Lucy’s mother comes to camp each year to plant lilies in her memory, and the whole family returns in the spring for a memorial and celebration.
“In our population we have kids with terminal diagnoses, and sometimes the illnesses take a turn for the worse,” LaRoche said. “To know those two weeks they spent with us every summer had such a strong impact on their lives, that their families continue to stay connected with us, I think is a testament to our work.”
When a camper’s health goes downhill, staff are faced with the delicate task of supporting the family in any way possible, and passing the news to the other kids without casting a shadow on the overall camp experience. An on-site memorial garden serves as a spot for ceremonies, mourning, and reflection, but LaRoche said it’s essential to keep campers grounded and moving forward after a loss.
“It’s simply part of our work, knowing how to help people heal,” she said. “We have to be careful, because we’re talking with kids with chronic illnesses. We’re about resilience, strength, fun, enthusiasm. We don’t want them to start reflecting too much on their own health in a negative way.”
Changed for life
“Camp helped me have the open voice that I do now,” said Annie Eplee.
When Annie came home from her first session of camp eight years ago, her parents almost didn’t recognize her. Their little girl who had previously depended on them for everything came home with a newfound poise and sense of independence, but she was quiet at first about camp. It was her first time away from home on her own, and she kept the experience closely guarded.
“She was kind of quiet and withdrawn,” said her mother Susan Eplee. “And very mature. It was like she had grown up a year during that one week.”
These days, Annie’s eager to share her camp experiences and she rattled off a list of activities introduced to her at camp that she otherwise might never have tried: scaling the challenge course, kayaking, leading the illusive “refrigerator walk” (a highly guarded camp secret). But as she gets older, it’s the unflinchingly loyal and almost seamless friendships that make camp her second home.
“In our cabins, we basically have two parents and our cabinmates. It really is like we’re sisters,” she said. “It’s like we’re one big happy family, just sitting on the back porch together. It feels like a house.”

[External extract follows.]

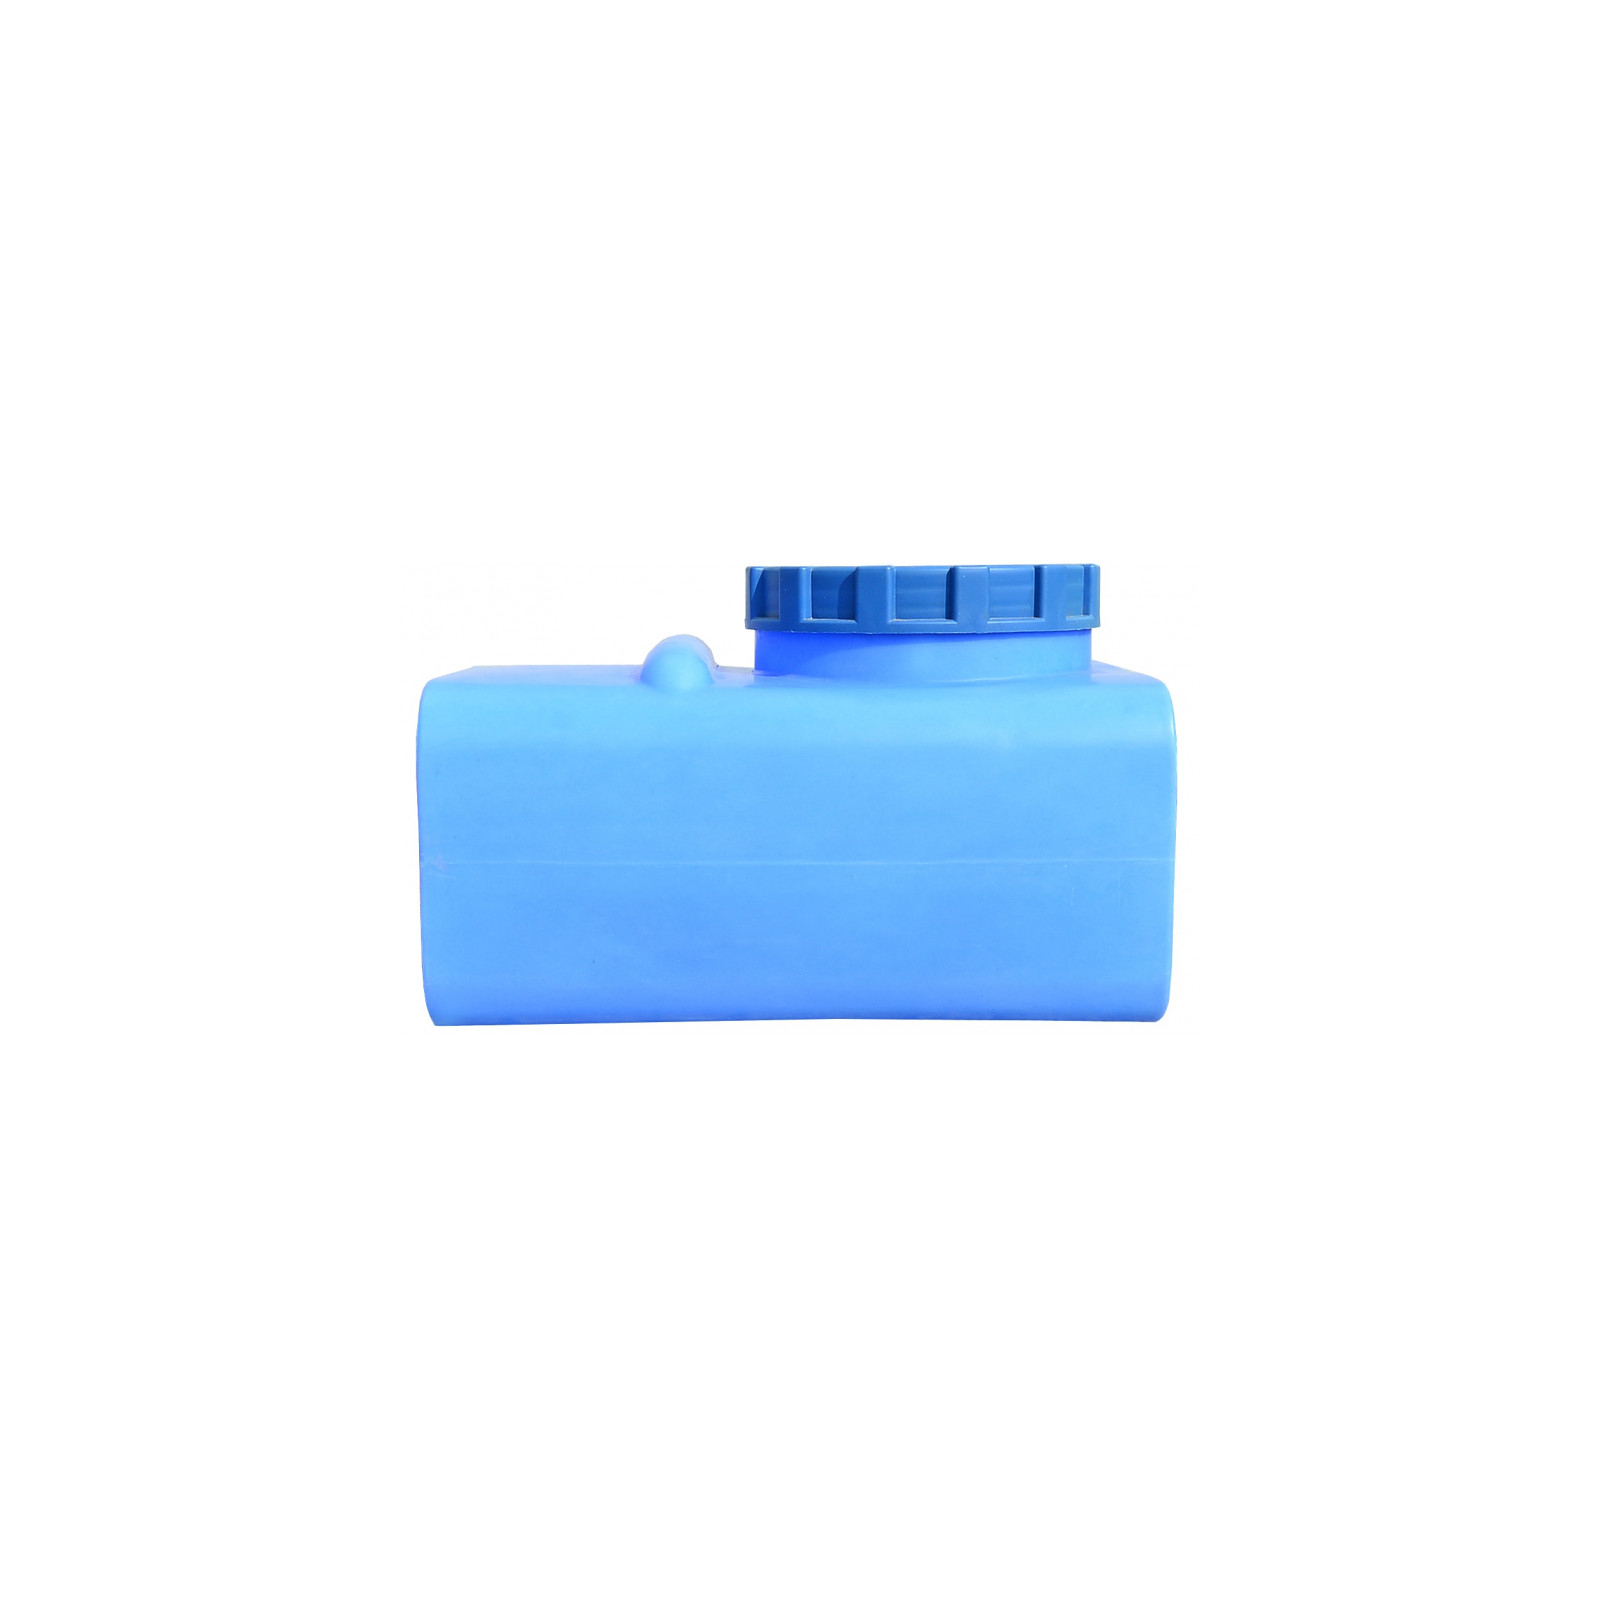 Емкость для воды Пласт Бак квадратная пищевая 100 л прямоугольная синяя (12453) изображение 3
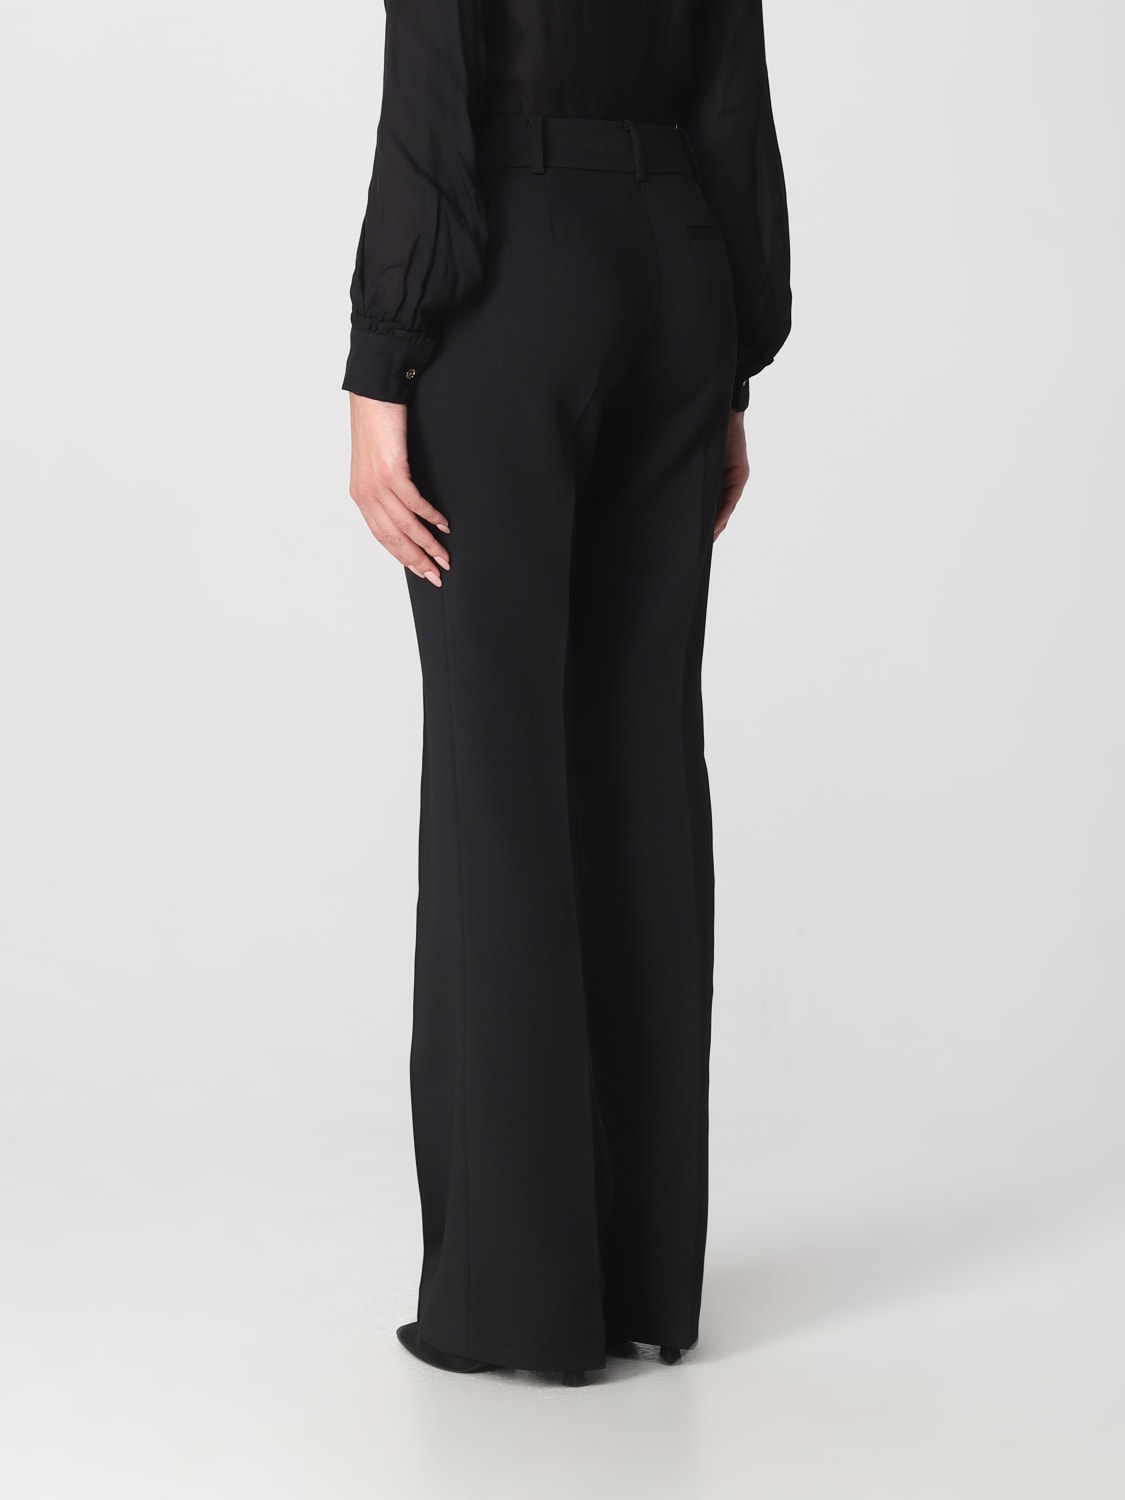 MICHAEL KORS: trousers for women - Black

As far as her health goes, Annie’s never found herself in a medical emergency at camp. But spending two straight weeks among kids with conditions like—and completely unlike—her own has given her some clarity.
“I’ve never had a seizure at camp, but my friend did at the dance. It was weird seeing someone else have a seizure, and I know how it feels personally,” she said. “It was a little scary, but I knew he’d be O.K. Seeing that happen made me realize that the people there really do take care of the campers.”
Annie proudly wears camp shirts all year round, and is happy to make speeches, write letters, and participate in any publicity events for CHT.
“Camp helped me have the open voice that I do now,” she said.
But she hasn’t always been so open about her experiences as a camper. According to her parents, it was years before Annie shared much of anything about camp with anyone. Susan and Kelly are still surprised to hear some of her stories, like this summer in the “blazers” teen program when she ran around during the color war with a young camper, not unlike herself when she was that age, on her back. And in all the years she’s been attending CHT, the Eplees have never gone to a family camp session together. Annie won’t let them.
“Camp was hers,” Kelly said. “Annie needed her thing.”